Ran a 15 ‘ lowe for years. Hard to beat aluminum for cost. hull slap is noticeable, i added spray bed liner to interior ( tan ) helped w noise a smidge . Mine was riveted w welded seams. Deck was a must have.never had issue poling, poled it from bow. Good luck


----------



## Smackdaddy53 (Dec 31, 2012)

eightwt said:


> How well do these boats pole? Hull slap?


I modified a 1652 mod v aluminum hull and set it up like a poling skiff and it was not loud at all. I had lots of bracing and I glued foam sheet to all the interior of the hull for flotation and to kill sound. A mod v will have much less noticeable hull slap than a flat bottom but if you don’t pole in rougher water they are pretty quiet. As stated, some sort of floor liner or coating will kill the resonation of water on the hull and make it quieter.

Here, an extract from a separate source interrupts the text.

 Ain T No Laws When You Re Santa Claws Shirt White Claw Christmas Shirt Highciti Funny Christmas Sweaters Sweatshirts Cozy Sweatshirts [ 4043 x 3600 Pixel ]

Sabine skiffs are built like a technical poling skiff (they are a TPS) and when someone is on the bow the flat bottom of the bow is below the water line so hull slap is pretty much nonexistent.


----------



## Matts (Sep 2, 2015)

If I wanted to pole an aluminum, it would be a Sabine, period. The rest will have hull slap. Boatrights are just large, stable barges and not poling skiffs. Glen made a skiff or two but I’m not sure he offers them any longer.


----------



## No Bait / Lures Only (Apr 10, 2011)

lemaymiami said:


> Me, I'm at the other end of the state down in the Everglades... If I were up your way I'd be running an aluminum skiff with a tunnel (even though I'm not that fond of tunnel hulls).. That hard bottom up your way would give a guy like me the willies until I learned to run it a bit. My area is much more forgiving (but if you run aground in my area you may really step out onto... three feet deep mud that will suck the shoes right off your feet if you're not careful...).

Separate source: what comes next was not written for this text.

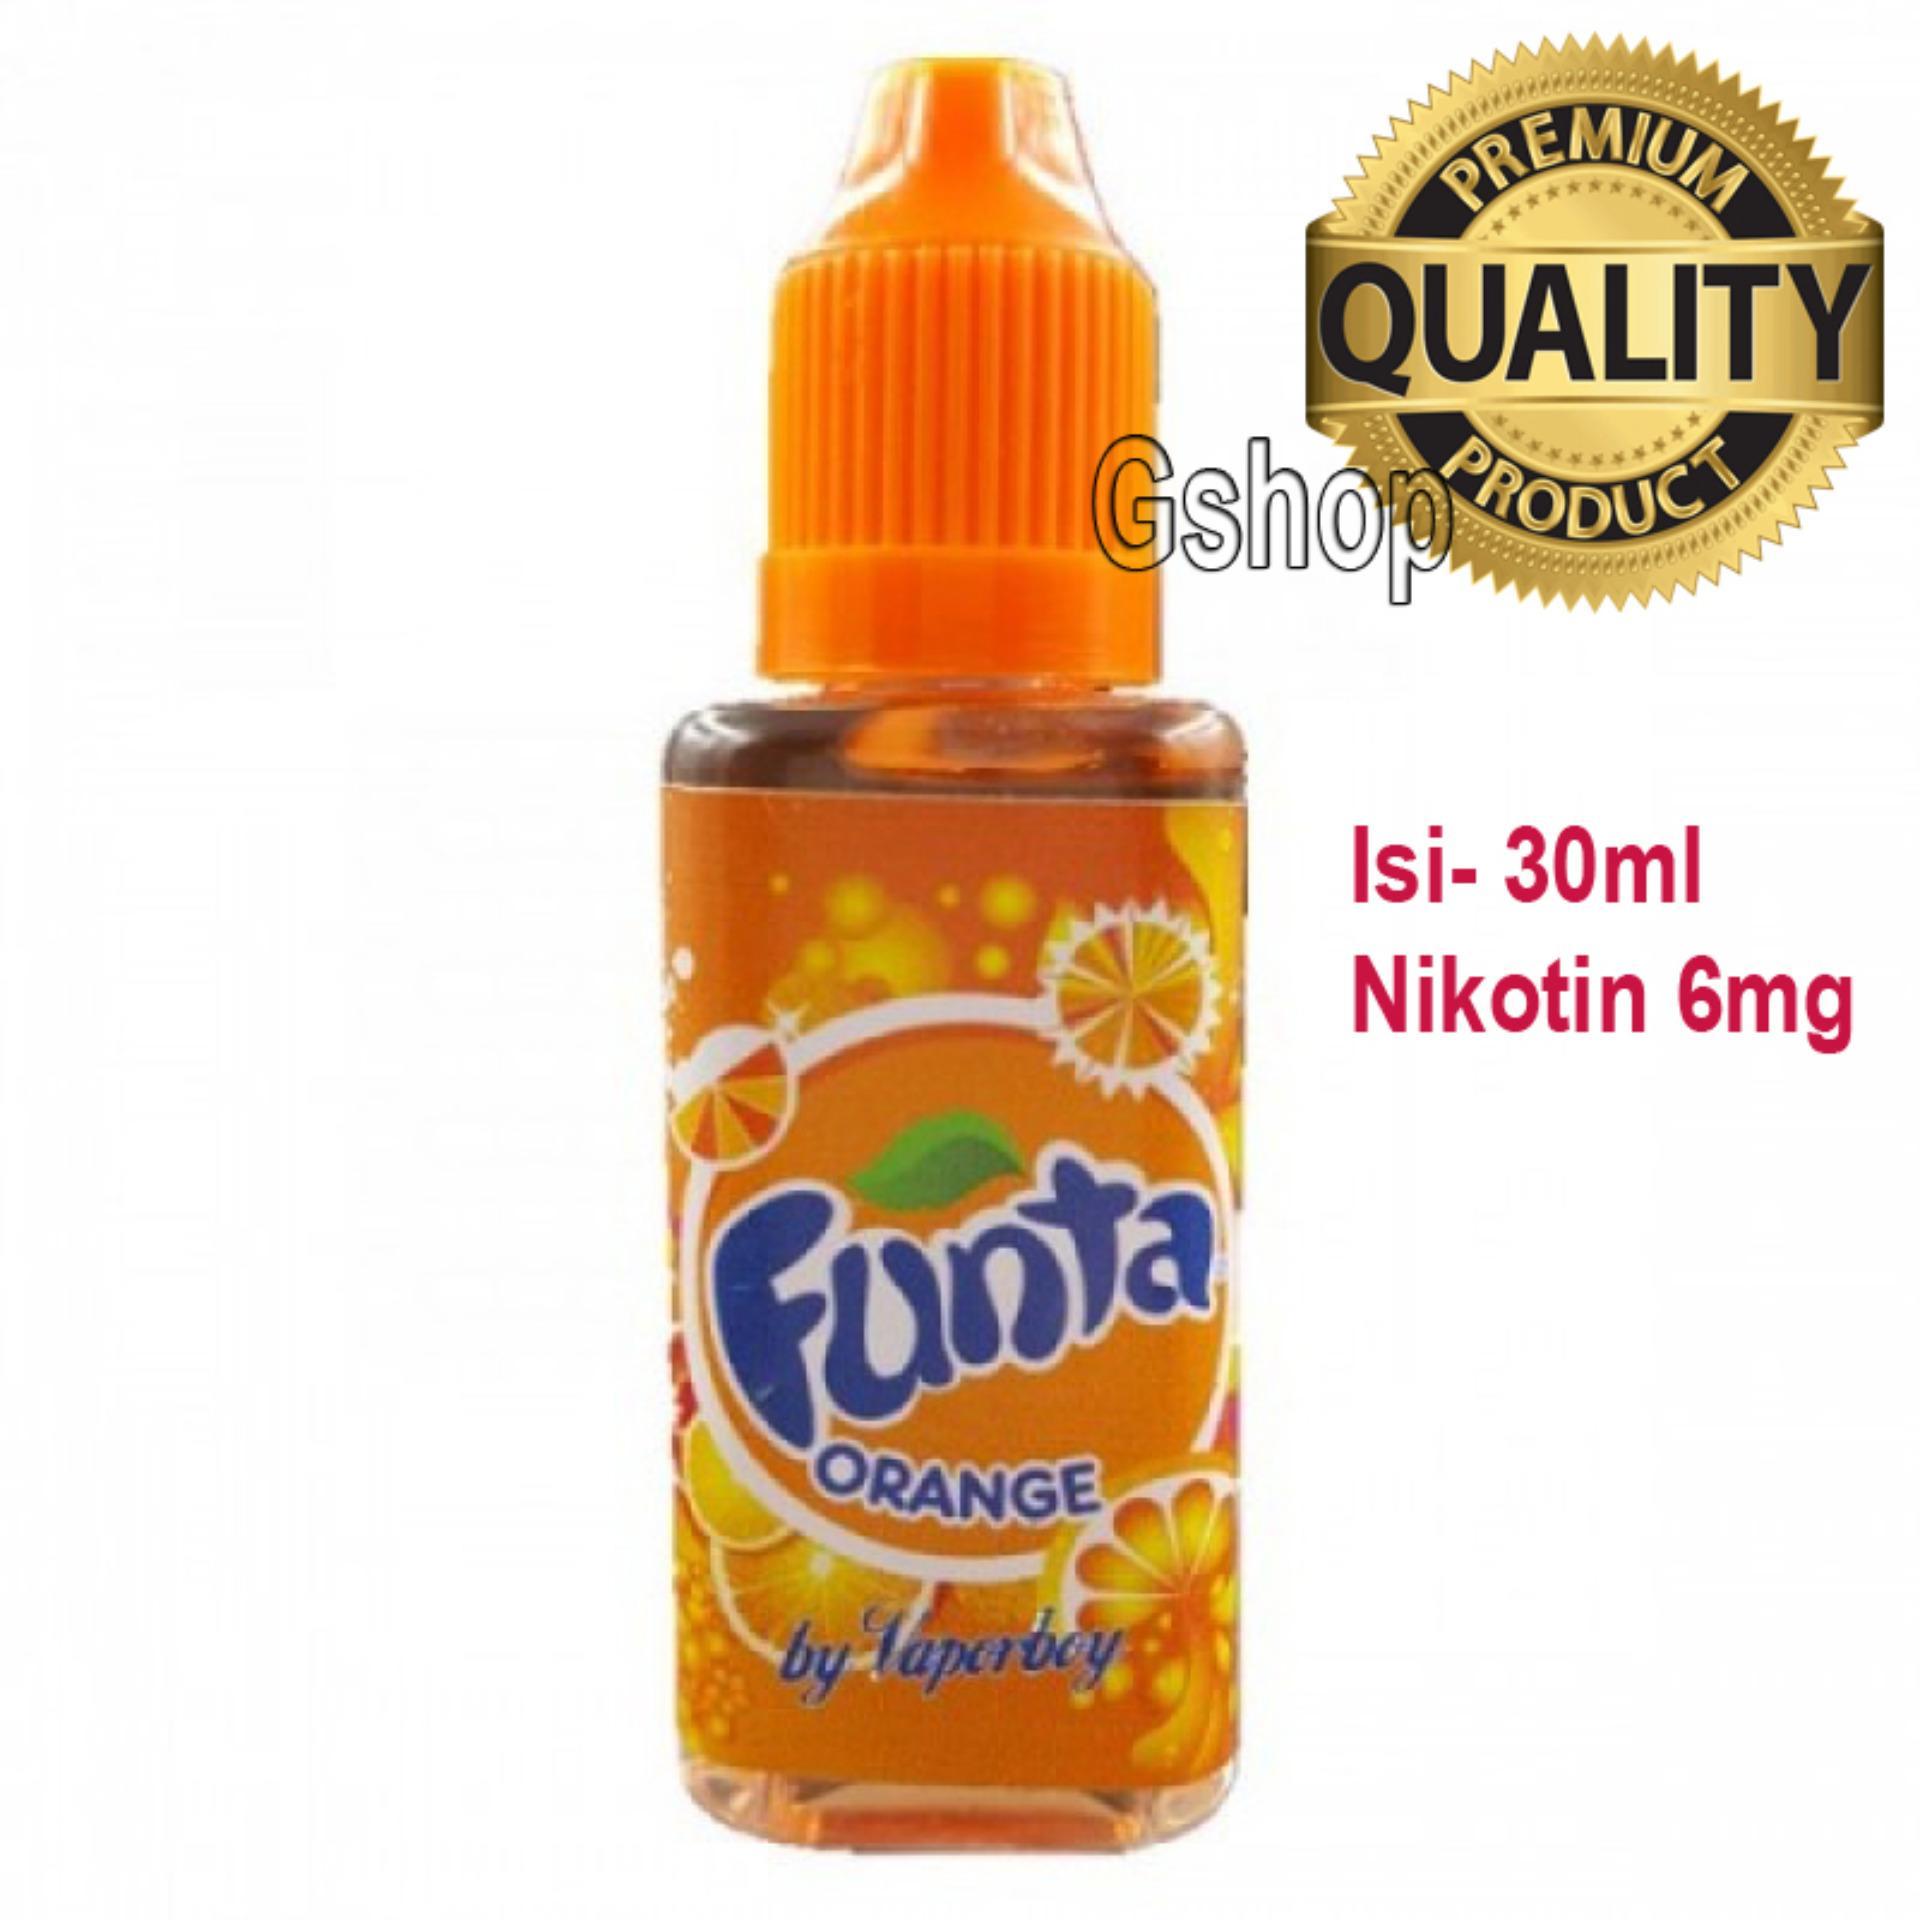 Gshop Premium E-Liquids 30ml By Vapoboy 6mg Nicotine for ElectronicCigarettes

Sounds like Hopedale/Delacroix....


----------



## Ckirk57 (Sep 27, 2009)

I run a SeaArk 18' Jet Tunnel, I need the tank like design to handle these Nature Coast rocks.
I don't know of a tunnel prop that will run as shallow or I would have one. I've even run short spurts of dry ground if I've got enough momentum.


----------



## Guest (Oct 18, 2018)

Ckirk57 said:


> I run a SeaArk 18' Jet Tunnel, I need the tank like design to handle these Nature Coast rocks.
> I don't know of a tunnel prop that will run as shallow or I would have one. I've even run short spurts of dry ground if I've got enough momentum.
> 
> View attachment 45974
> View attachment 45976


When approaching dry ground, chop the throttle on approach then drop the hammer again and ride your bow wake over. This saves the bottom of your hull from those unsightly scratches lol!


----------



## Guest (Oct 18, 2018)

Ckirk57 said:


> I run a SeaArk 18' Jet Tunnel, I need the tank like design to handle these Nature Coast rocks.
> I don't know of a tunnel prop that will run as shallow or I would have one. I've even run short spurts of dry ground if I've got enough momentum.
> 
> View attachment 45974
> View attachment 45976


 The only 3 things shallower than a properly set up jet tunnel are an airboat, hovercraft, airplane/helicopter!


----------



## Smackdaddy53 (Dec 31, 2012)

Boatbrains said:


> The only 3 things shallower than a properly set up jet tunnel are an airboat, hovercraft, airplane/helicopter!


Or a Chittum


----------



## Guest (Oct 18, 2018)

Smackdaddy53 said:


> Or a Chittum


Funny!


----------



## eightwt (May 11, 2017)

Ckirk57 said:


> I run a SeaArk 18'[/QUOTE
> 
> How she pole?


----------



## flyclimber (May 22, 2016)

Boatbrains said:


> The only 3 things shallower than a properly set up jet tunnel are an airboat, hovercraft, airplane/helicopter!





Smackdaddy53 said:


> Or a Chittum


I thought Chittum invented a boat that didn't need water to run?


----------



## Ckirk57 (Sep 27, 2009)

I pole it allot ( I do not have a TM) so far so good unless your in open water, its windy and you have a string of tarpon heading your way. other than that its good on the pole.


----------



## jimsmicro (Oct 29, 2013)

Mine sucks to pole, but I don't really care to pole it very much anyway.


----------



## noeettica (Sep 23, 2007)

I hate to say , but the little welded tunnel is F'ing amazing !!!

Very dry ride !

Handles boat wake amazingly well 

NO fear from "Stuffing the bow" / swamping ...


----------



## Redbelly (Jan 23, 2016)

noeettica said:


> I hate to say , but the little welded tunnel is F'ing amazing !!!
> 
> Very dry ride !
> 
> ...


So you have the tiller on the 1546?
I'm gonna be testing out a 1650 alumacraft tunnel without the sponsons


----------



## devrep (Feb 22, 2009)

uh oh, I'm thinking I know what my next project is going to be....closing on my new used home in crystal river this week. Yankee Town beckons...


----------



## noeettica (Sep 23, 2007)

Redbelly said:


> So you have the tiller on the 1546?
> I'm gonna be testing out a 1650 alumacraft tunnel without the sponsons


Yes I ran a 9.9 4 stroke tiller ... I ran the snot out of it at John PeneKamp State park ... Lots of big boat traffic ...As soon as I can hang a 25 hp 2 stroke on it ... 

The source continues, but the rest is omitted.